The 1973 Wicker Man should not be confused with the recent Nicolas Cage remake, which by all accounts is horrendous. This one was good. It’s a little off-putting at first, at least if you don’t like weird hippy pagan musicals, but on the other hand there’s some boobs and after a while the musical stuff goes by the wayside as righteous christian policeman edward woodward battles against the depraved pagan hippies. The ending is kinda sweet.
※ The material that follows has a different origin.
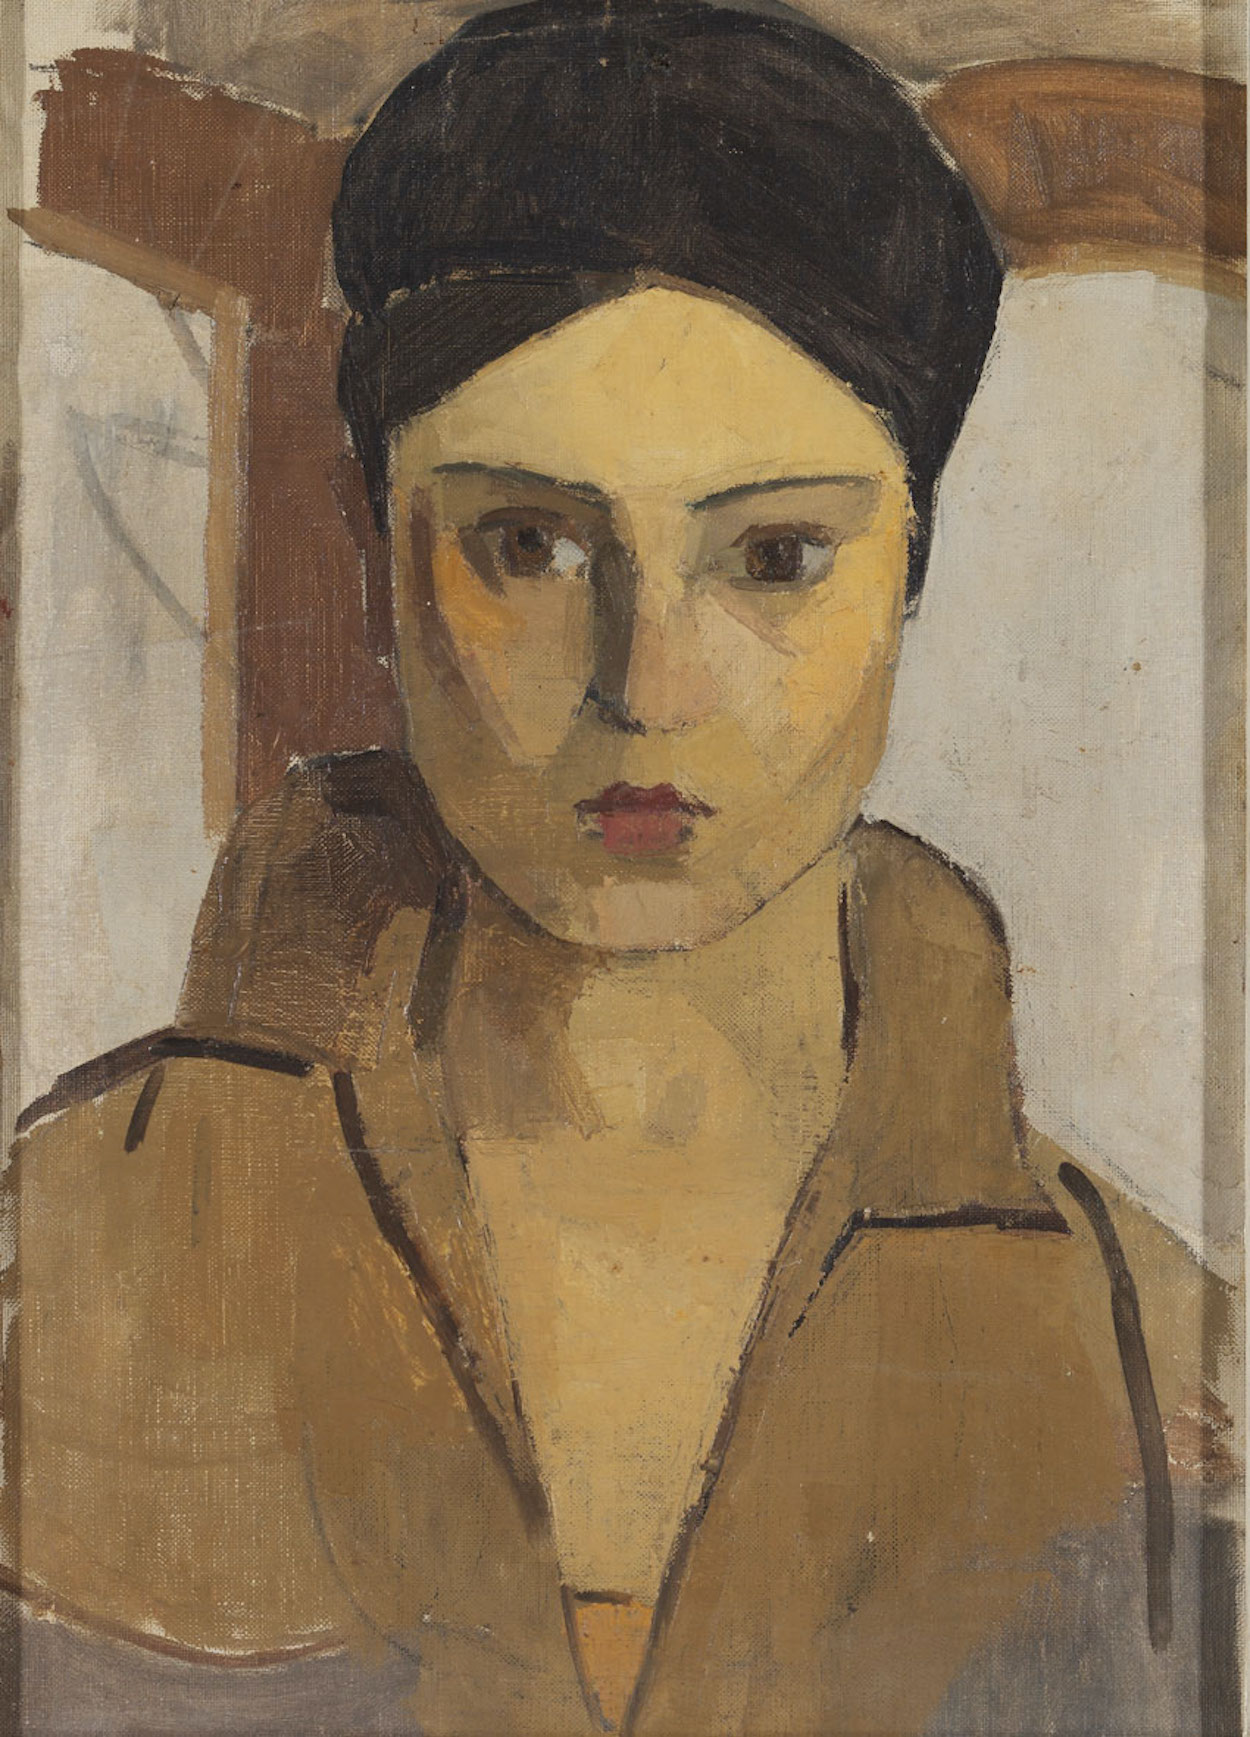 Autoportrait by Hale Asaf - Années 1920 - 90 x 72 cm collection privée

I can’t imagine Coraline being anything other than terrifying for a child, but that aside we thought it was great. It will be a long time before we let NLP see it, I think.

Movies – September 09

*** OSS 117: Cairo, Nest of Spies
*** Dark City

Kind of a slow month for movies. OSS 117 wasn’t at all what I expected — a lot more slapstick and silly than the sort of cool spy parody I was expecting. It was pretty funny in places, not great. E found it uninteresting.

Dark City was about as I remembered — interesting and with lots of good bits but on a grander scale kind of silly. As I so often say in my reviews, the setup and the first hour of running around and figuring out what was going on was pretty good, but the working out of the plot kind of meh. And good ol pre-24 Kiefer Sutherland with his various overacted tics was just sort of odd.

Movies – August 09

**** The Wire, Seasons 4-5
* Jubilee
*** I’m Alan Partridge, Season 1, ep1-3

I don’t really know what to say about The Wire. It’s as good as everyone says. I was that into the idea of it, but got hooked about ten minutes into the first episode and was hooked all the way through the last episode of the last season. So if you haven’t seen it, I’d say just go watch it.
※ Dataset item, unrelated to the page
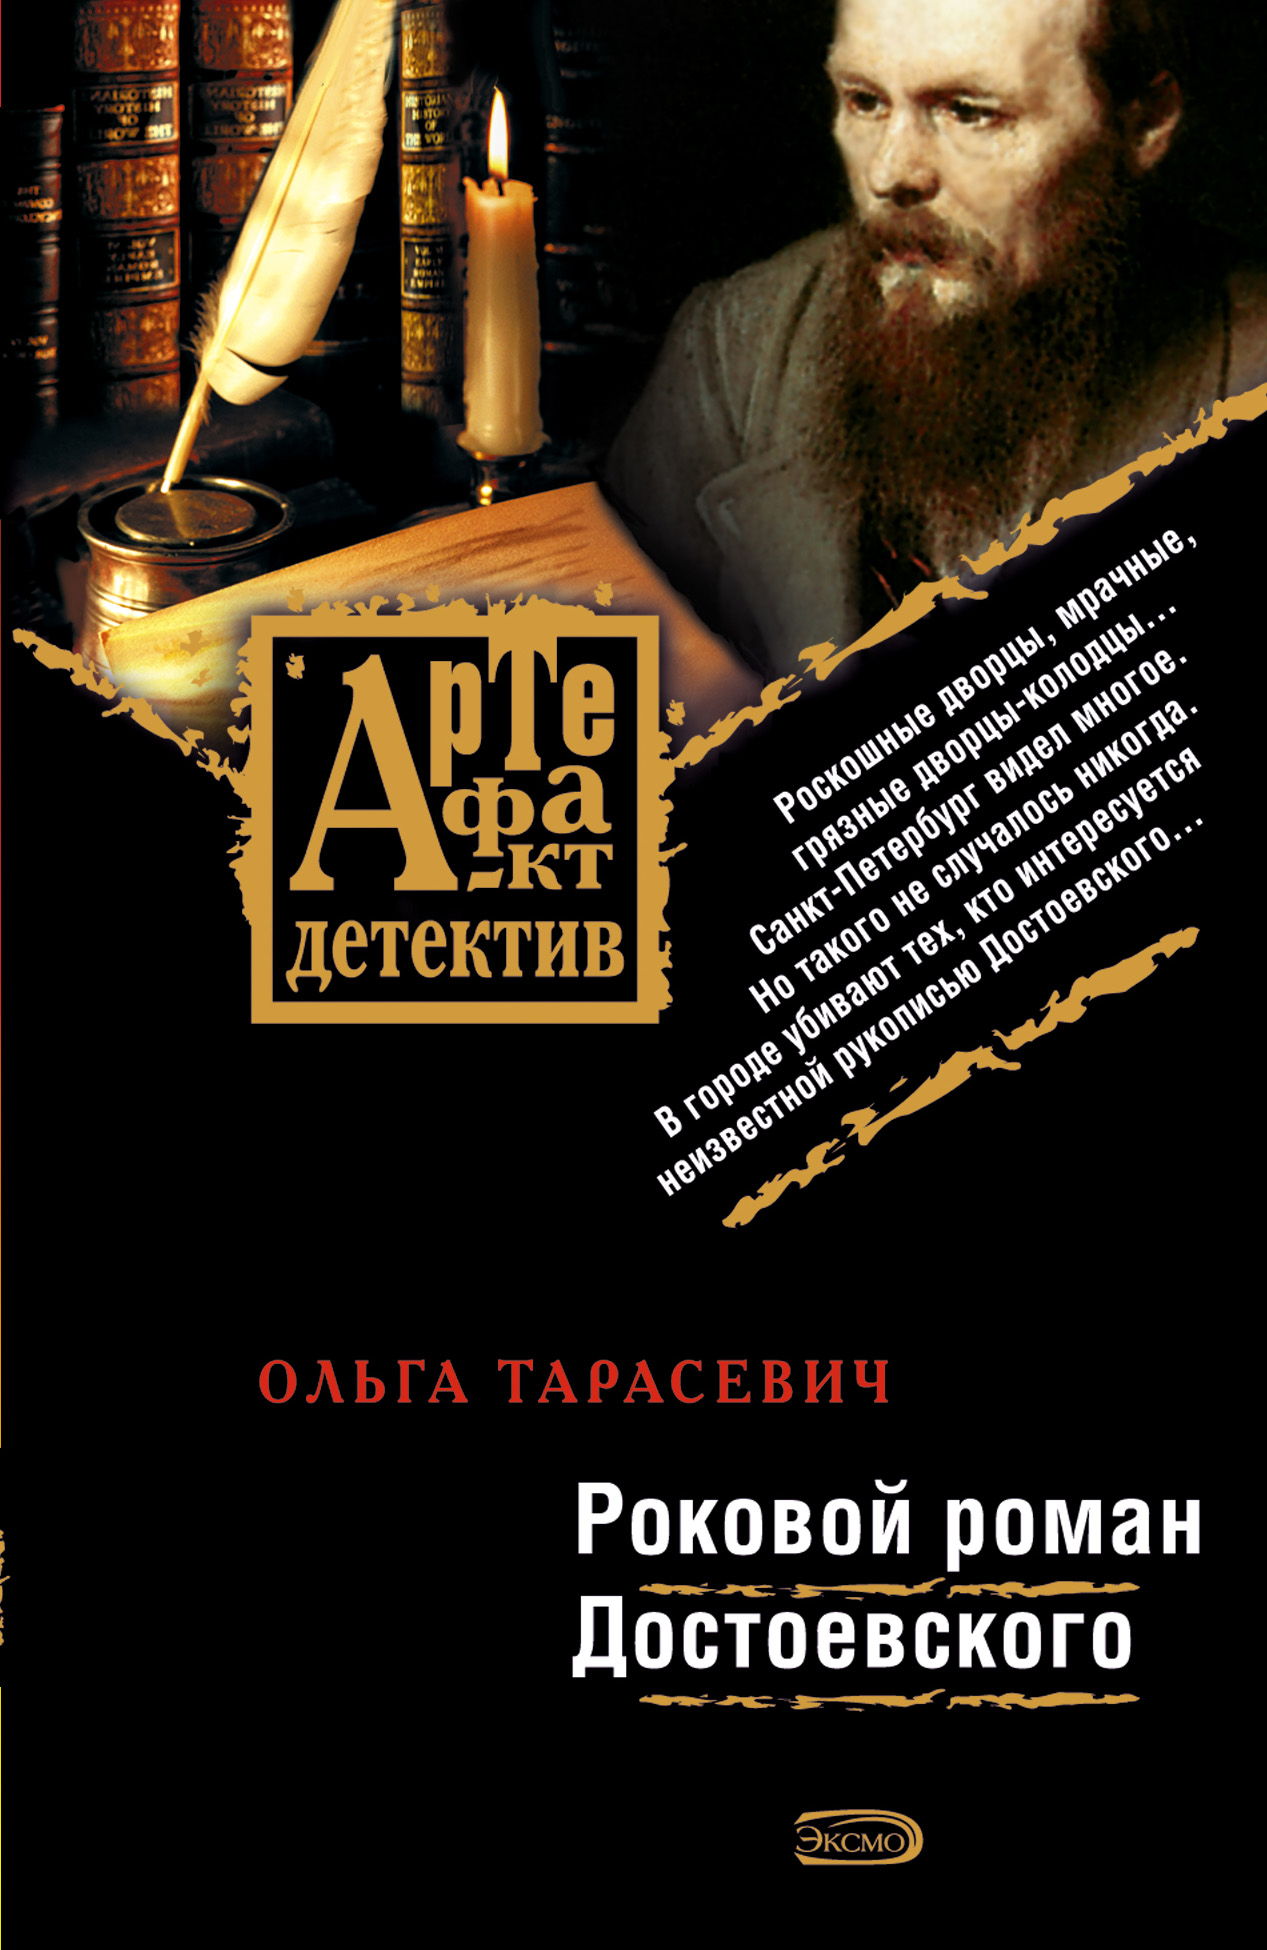 Роковой роман Достоевского читать онлайн

E got Jubilee because she thought it was a different half-remembered movie she’s always wanted to see. It wasn’t. Instead it was some awful Derek Jarman thing (and all that that implies). We watched a little bit and fast-forwarded a bit and then just gave up.
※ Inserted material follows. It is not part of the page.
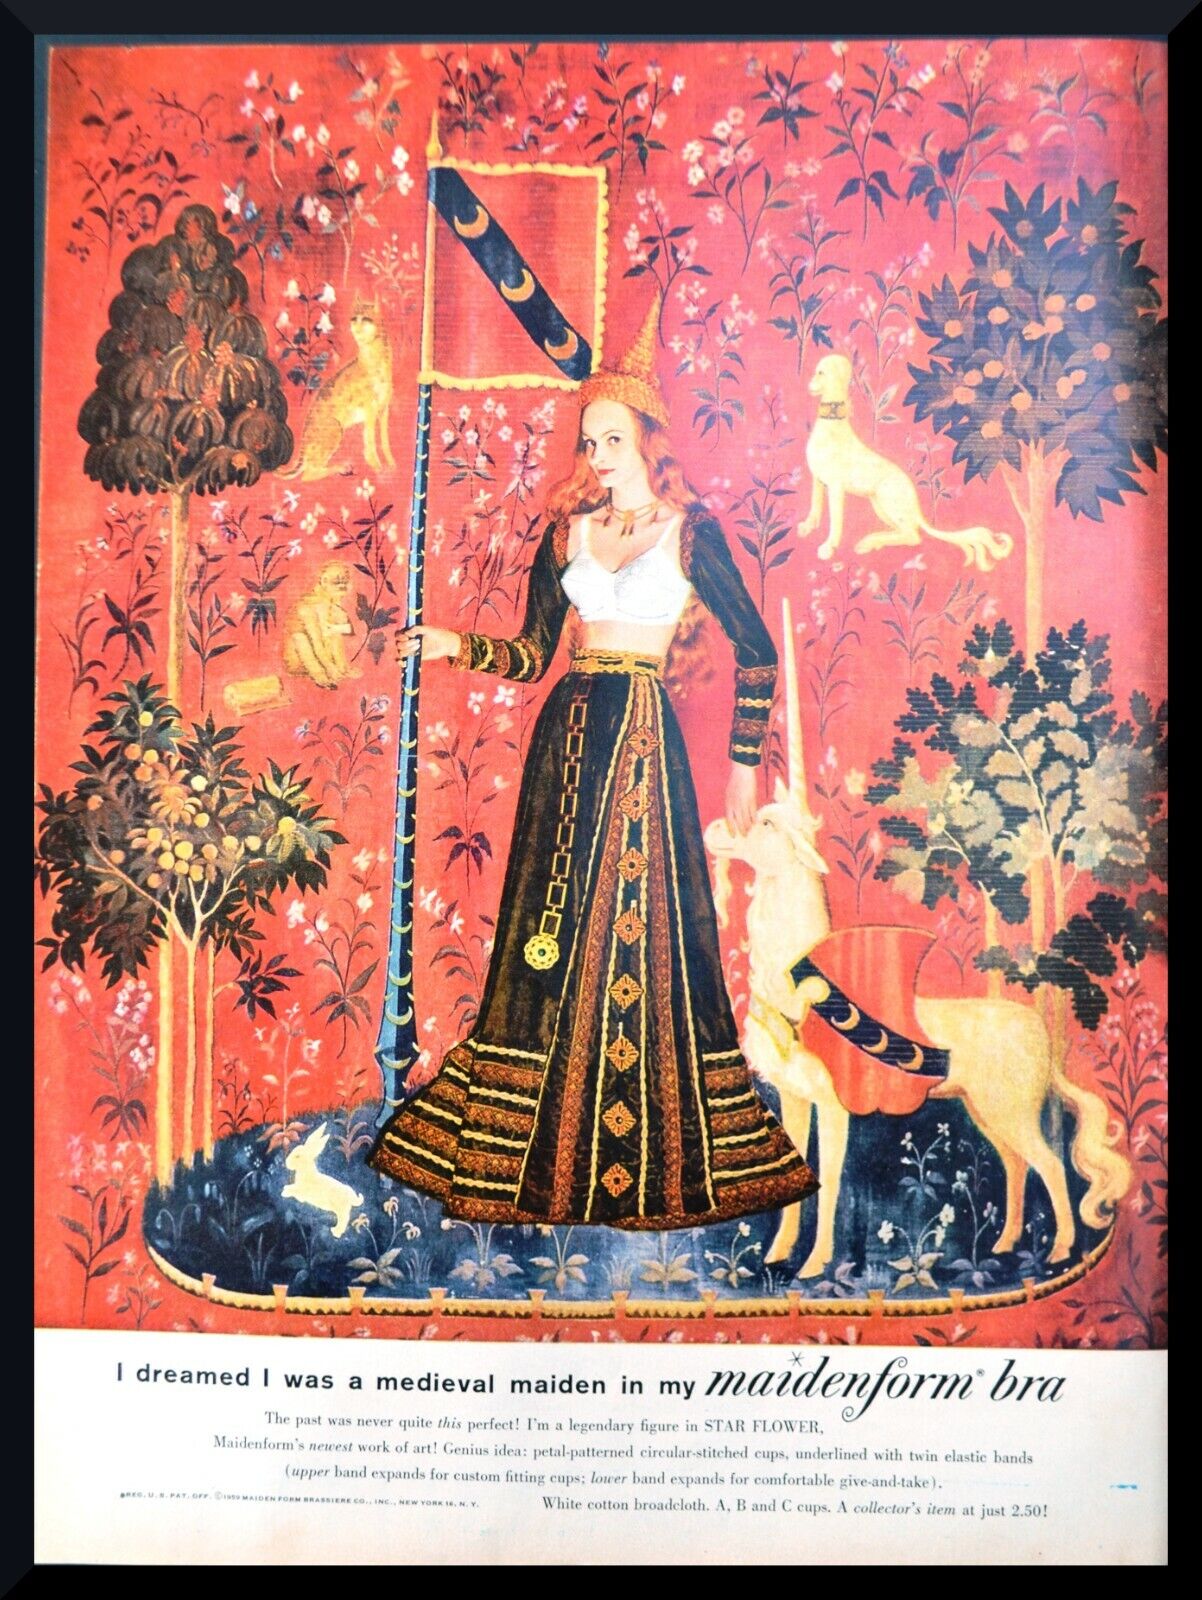 1960 MAIDENFORM Bra Medieval Maiden Woman in Bra Unicorn Art VINTAGE Print AD

I like Steve Coogan and I thought Alan Partridge was pretty funny (though it contains a lot of the discomfort humor that I find so discomforting) but after watching about three episodes I felt like I’d gotten my fill.

Movies – July 09

**** The Wire, Season 3
*** Zero Effect
* Bottle Shock
*** Up the Yangtze

The Wire is still great. Season 3 brings in politics more, but also explores Bunny Colvin’s radical solution to the drug problem in the western and features his awesome paper bag speech. As a sometime libertarian, I really got into that storyline, and thought they worked out the implications, good and bad, in a meaningful way.

Zero effect was pretty good. I had no expectations (can’t remember how it got on my queue), and it turned out to be some good entertainment.

We were so thoroughly uninterested in the people we met in the first 20-30 minutes of Bottle Shock that we just ejected it and sent it back to Netflix. Sorry, Alan Rickman, I promise to watch you in something better soon.

We missed Up the Yangtze, a documentary about the effects of China’s three gorges dam on people living in the area, at SIFF last year and were looking forward to renting it. It starts off slowly but gradually picks up and becomes a fascinating and understated story. It follows a girl whose family’s house will be covered (like many’s) by the new lake created by the dam. Her family sends her to do menial work on a riverboat to support herself and her family, instead of going to school as she wants. The contrast between her rural family’s life and that onboard the riverboat (both among the more modernized young people working there and the rich tourists coming through) is staggering, and underlined by the images of the new lake slowly consuming the family house.